Most radio amateurs use digital multimeters that are powered by rechargeable batteries or Krona batteries.

At the same time, taking into account the law of meanness, they are always discharged at the most inopportune moment, when the performance of the entire project depends on the accuracy of measurements.

After visiting the store, I decided for myself that using a Krona battery is more economical than constantly buying and keeping a battery in stock. But this is only on condition correct operation battery

Therefore, a simple charger was required. It can be purchased in many stores. BUT! Like many of you, I am not looking for easy ways. And it’s much more interesting and useful to come up with a scheme, assemble it, and set it up for high-quality work.

This is the charger I got.

This device allows you to charge Krona type batteries – 2 pcs. separate channels with optimal charging current(1/10 of the capacity) and has LED indication.

The indication consists of two LEDs. The 1st indicates that the battery is more than 50% discharged. 2nd – indicates that the battery is charged and can be removed from the device.
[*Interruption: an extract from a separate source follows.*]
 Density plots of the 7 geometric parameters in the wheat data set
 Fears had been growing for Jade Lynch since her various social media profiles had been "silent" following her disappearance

In addition, charging a discharged battery occurs in two stages: constant current charging and constant voltage charging.

Let's analyze the operation of the circuit. The circuit is powered by a constant (rectified) voltage from 12 to 30 V. But an increased supply voltage will cause a higher voltage difference across the LM317, which will lead to its heating and the need to install a heatsink. Therefore, I recommend powering the circuit with 12-15 V.

Turning on the LM317 in voltage stabilization mode allows you to obtain a constant (unchangeable) voltage at the output of the microcircuit when the supply voltage changes.

After LM317, a current stabilizer is made using two transistors. When we connect the terminals to a discharged battery, the voltage drop across the 27 ohm resistor significantly exceeds the opening threshold of the second transistor, which leads to the LED turning on and the first transistor partially closing and, thereby, limiting the charge current.

During the battery charging process, the voltage drop across the 27 ohm resistor at a certain moment closes the second transistor, which leads to an almost complete opening of the first transistor, which means that almost all of the input voltage goes to the emitter of the transistor, that is, to the output.

This ensures a safe charging current for the battery Krona.

The operational amplifier OP (LM358) acts as a comparator that monitors the voltage at the battery terminals and compares it with the installed variable resistor. As soon as the voltage exceeds the set value, the second LED will light up, indicating that the battery is charged.

We begin the setup by setting the output voltage. To do this, connect a voltmeter to the output terminals (without load) and use a trimmer resistor (in the LM317 stabilizer circuit) to set the voltage to 9.1-9.2V.

Next, to configure the operation of the LED, signaling the end of charging, we connect a voltmeter to the output terminals and connect the Krona battery. As soon as the voltage reaches 9V, rotating the trimming resistor (in the LM358 circuit) turns on the LED. This operation requires quite a lot of patience and precision, so I recommend using multi-turn resistors.

After adjustment, these resistors are covered with varnish or wax to eliminate the possibility of disrupting the previously made adjustment.

The board layout is made taking into account the available parts.